Santiago Yahuarcani
The Beginning of Knowledge
The first international solo exhibition of works by Santiago Yahuarcani – artist, Indigenous activist and leader of the Aimeni (White Heron) clan of the Uitoto people.
The first international solo exhibition of works by Santiago Yahuarcani – artist, Indigenous activist, and leader of the Aimeni (White Heron) clan of the Uitoto people.
Working from a remote Amazonian town in northern Peru, Santiago Yahuarcani creates large-scale, narrative-rich paintings exploring the relationship between the Uitoto people and the natural world. Using natural pigments and materials, Yahuarcani's work exists outside of Western art history – instead harnessing the memories, history, and wisdom of his ancestors, the sacred knowledge of medicinal plants, the sounds of the jungle, and Uitoto myths that explain the multiple configurations of the universe.

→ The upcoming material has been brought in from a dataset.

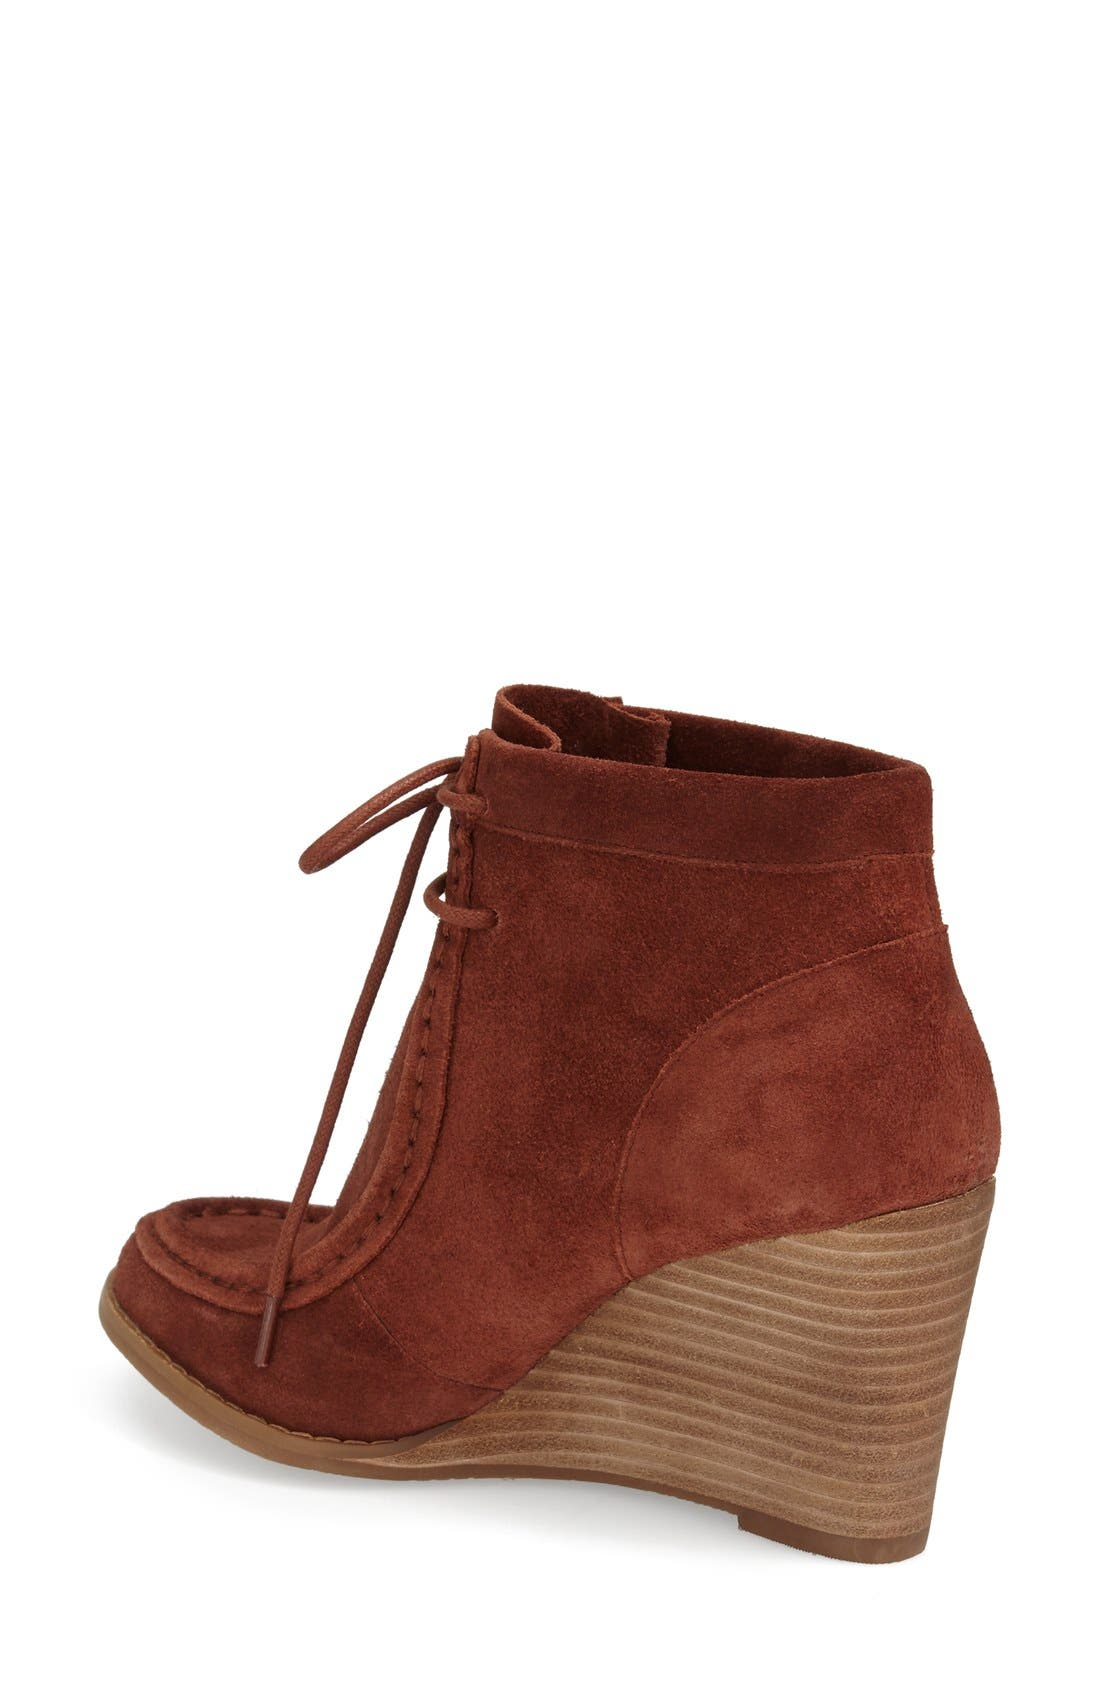 Alternate Image 2  - Lucky Brand 'Ysabel' Wedge Chukka Boot (Women)

Especially urgent in its retelling of the colonial extraction of natural resources and the enslavement of the Uitoto people during the Peruvian rubber boom, Yahuarcani’s art can be understood as an act of education and protest, vividly illustrating the natural scenery that once was. He explores the roots of the climate catastrophe in the long history of colonial dispossession, the eradication of spiritual worlds – and the resulting disconnection from the environment. His paintings offer profound reflections on the Uitoto people, past and present, from which we have so much to learn.
Building on his presentation at the 60th Venice Biennale, The Beginning of Knowledge features more than 25 paintings from 2010 to the present, including new work and international loans.
Presented by the Whitworth as part of the 2025 Manchester International Festival, this exhibition encourages us to consider alternative ways of thinking, learning, and living together with the natural world.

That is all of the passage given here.